A cursory study by Polish analysts shows that the deployment of Soviet nuclear weapons would have prompted retaliatory strikes by NATO that would have wiped out Warsaw and 40 other Polish cities and towns. The fallout would have spread westward, affecting Brussels, Hamburg, Munich and surrounding areas in Germany.

According to Radoslaw Sikorski, Poland's defense minister, public access to the 1,700 Warsaw Pact volumes represents "a symbolic end of the communist era."

Diplomats said Poland has been bracing for a strong reaction from Russian President Vladimir Putin, who earlier this week showed the extent of his power by reducing natural gas pressure in pipelines supplying Moscow's former satellites.

Poland relies on Russia for almost all its natural gas.

In a statement quoted by the French daily Le Figaro, Mr. Sikorski said it was "crucial that the world learns that during the Cold War, Poland was an unwilling ally of the Soviet Union."

The strongly anti-communist Polish minister was for three years affiliated with the Washington-based American Enterprise Institute. He belongs to the new conservative team following last October's election of Lech Kaczynski as Poland's president.

An official Polish statement said that historians, journalists and members of the public could have access to the declassified documents following their transfer to the Institute of National Remembrance in Poland.

Specialists are currently studying 123 documents still covered by the secrecy clause imposed before the dissolution of the Soviet Union.

Officials said that in addition to a description of the disaster striking Europe in the event of a nuclear war, the documents give additional details of "Operation Danube," the code name of the Warsaw Pact invasion of Czechoslovakia in 1968. The last Soviet "doomsday scenario" for Europe was apparently drafted as far back as 1979, when Karol Wojtyla, a Pole, was elected Pope John Paul II, an act the Kremlin feared would destabilize or destroy communism in its unwilling East European satellites.

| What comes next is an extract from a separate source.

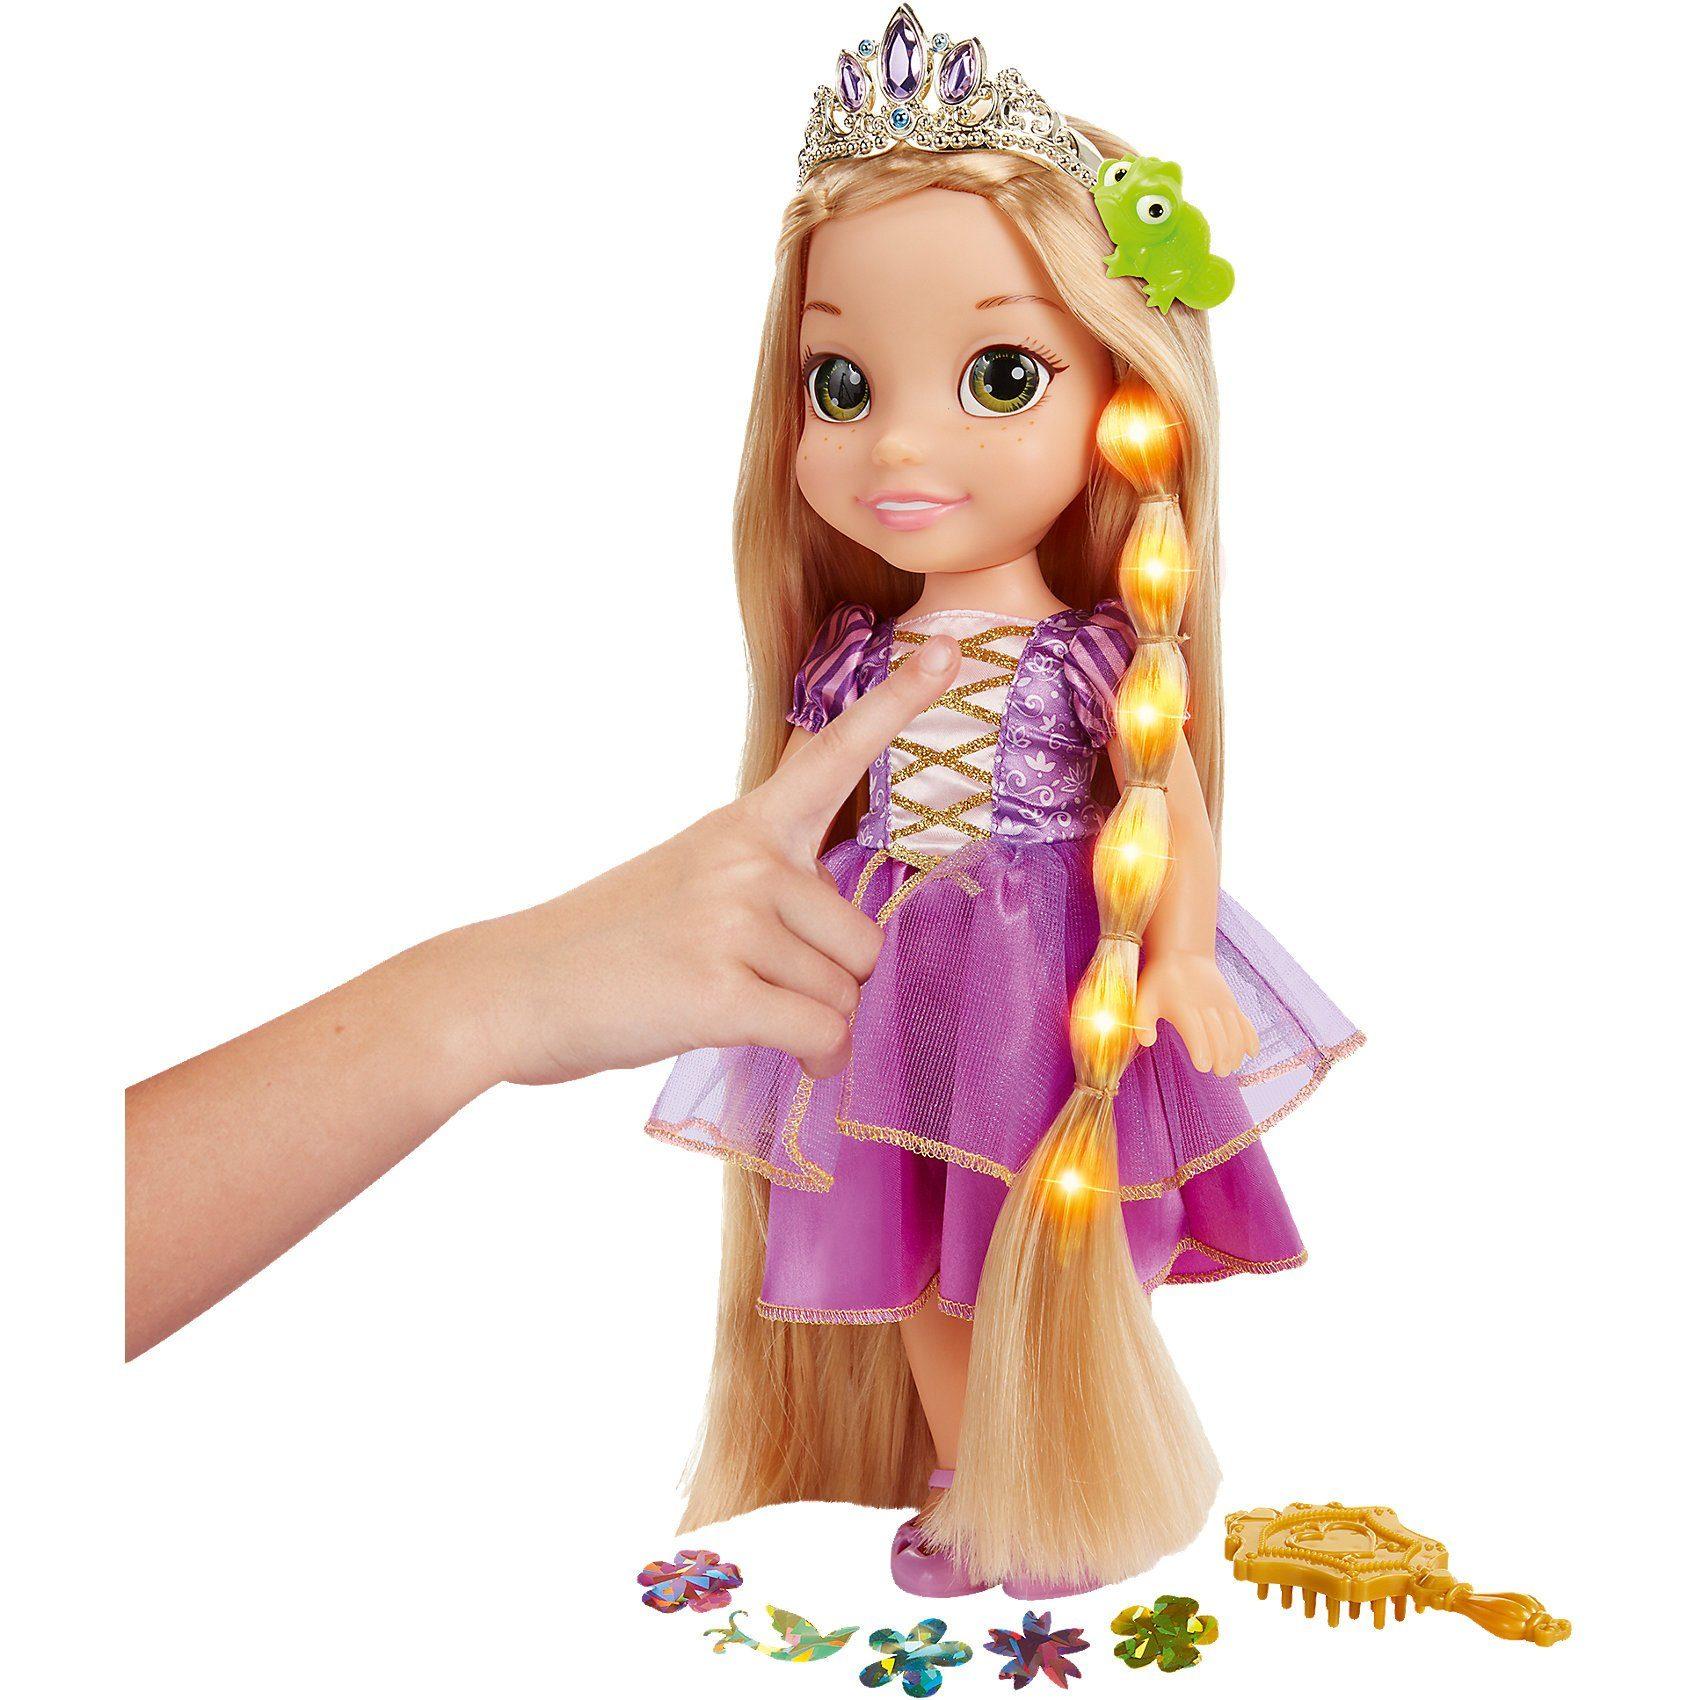 Jakks Pacific Disney Princess Rapunzel Haarglanz Puppe, 35cm

According to Mr. Sikorski, the use of Polish territory in a nuclear exchange would have meant the country's participation in its own destruction.

The opening to the public of the secret archives comes at a time of growing East European criticism of the European Union's various political and economic overtures to Russia.

At the height of this week's natural gas crisis, the Warsaw daily Gazeta Wyborcza claimed that "Russia uses its gas as a means of political pressure."